In all fairness: gunky lashes are a feckin’ drag, and I’ve got some ideas how to get around this.

>As I know the writer, and know she is so pale as to be Irish {of which descent she is, indeed}, I first suggested she eschew black for brown/black, or just brown. I know we all want big blingy lashes, but sometimes, half the battle may be fought on the field of hue and intensity. In other words, the lashes may not look so tangly if they are less dark.

>Always wipe excess product off of the applicator. You think you’re scraping enough away when you do that rubby-thing as you take out the wand, but if you are using a fat brush-y applicator, chances are good that there is even more on there, and you can do without it.

>Less is more if your lashes are tangling, so several very, very — very — light coats are far more effective and manageable than one heavy coat. This is actually not obvious! One may presume that several coats are apt to create an even snarlier sitch, but that’s what that lash comb is for. Much easier to tease out the lashes when the layers are light.

>Get rid of the fat brush-y applicator altogether, and buy a brand that comes with one of those spiky applicators. I know, they are scary looking, but I have become a staunch supporter. My personal faves are benefit They’re Real and Lancôme Ocillation Vibrating Infinite Mascara — I don’t use the vibrate function on the latter, as it makes my nose itch, and it really doesn’t do squat, anyway. Also, L’Oréal make Paris Telescopic Explosion Mascara, which is the silliest name ever, and the wand is the freakiest {look!}, but this separates lashes likes nobody’s business.

>Finally, I would recommend trying something like ELF‘s Lash & Brow Clear Mascara. It costs one single dollar, and it may allow Reader’s lashes to be defined without colour, and without colourful clumps. I’d also try it as a primer. Brush it on, let it dry, comb it out, and apply the other mascara.

I’ve got photos, but not to hand, as I coming to you live! from Deandgrange Public Library {and only because I wanted to go to Lidl}, so I’ll wait ’til Dear Reader gets back to me with a progress report!

On Trial: Maybelline SuperStay 10H Tint Gloss

Tint Gloss? This means a tint, i.e., lip stain that is also glossy.

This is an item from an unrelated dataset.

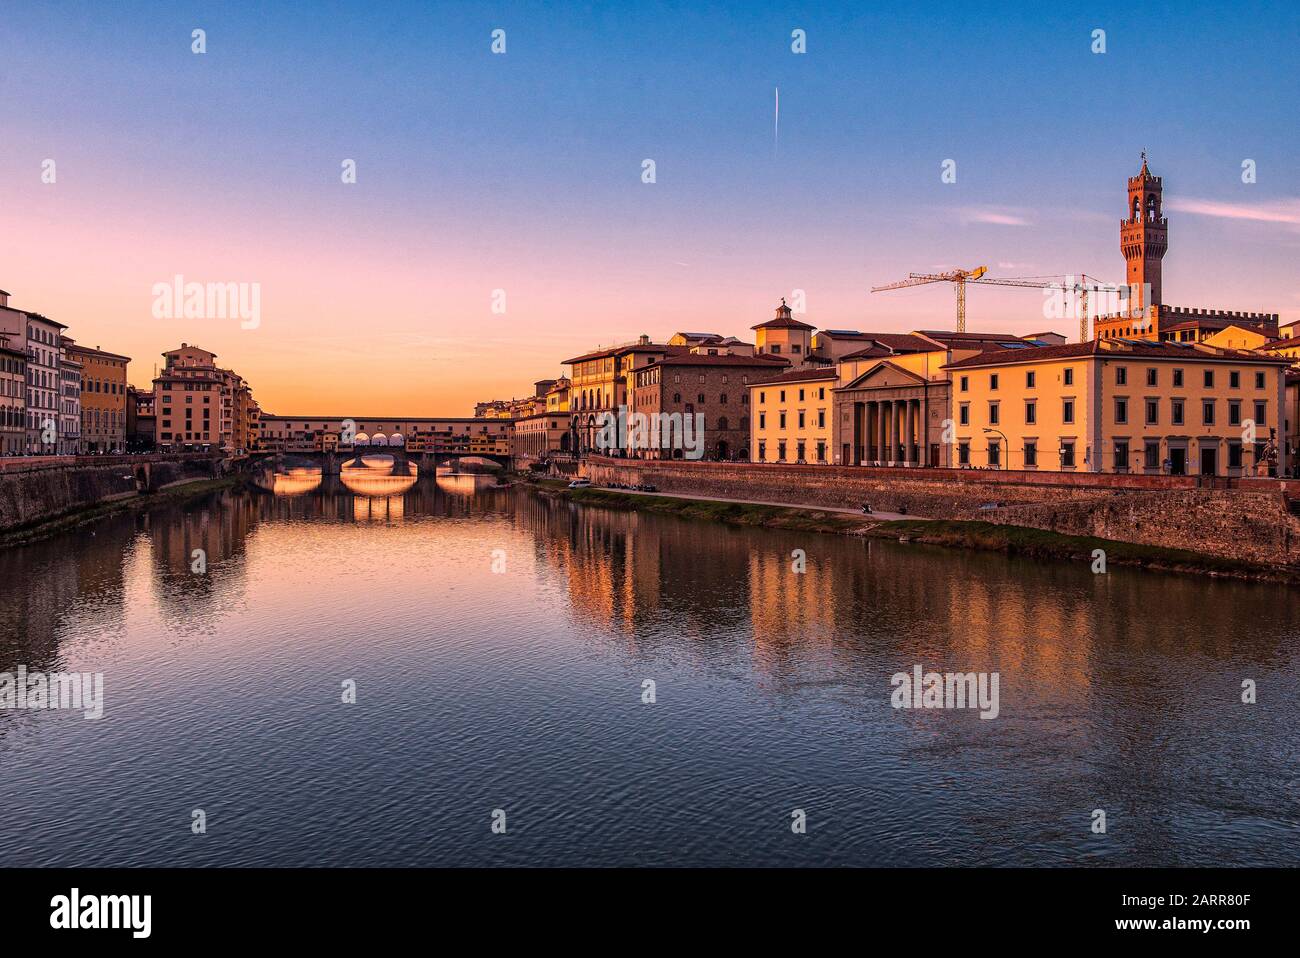 Firenze, Toskana, Italien. Postkartenbild bei Sonnenuntergang von Florenz. Der Arno-Fluss, die Ponte Vecchio und links der Palazzo Vecchio Stockfoto

I have long wished for a lip product that lasts without extracting every ounce of moisture from the lip.

Oh, I’ve tried them all, and all have involved the application of the colour, and then that of a moisturising top coat, which hydrates for about a second and then you’re left with a colourful, but markedly dry kisser.

They have all claimed to last through drinking, eating, and nucelar holocaust, and: no, not really. You do end up with a nasty ring of colour round your gob, and that’s the thing that lasts for days.

Maybelline aren’t claiming that their 10H Tint Gloss will survive a six-course meal and a few nights in an bomb shelter, but they are promising almost half a day of glossy long-lastingness.

I’ve got a night of eating, drinking, talking and laughing ahead of me, so we’ll give this a go. Pictured here is Lasting Pink, which is actually red, which is fine by me — but if you were wanting pink, I’d say you’d be annoyed. There’s a Forver Fuchsia that may be closer to the mark, but I haven’t got that one to test.

I do like the look of the applicator!

Plus, at €11.49/£6.99/$8.99, if this works, it’ll be cheaper than the department brands that make similar claims.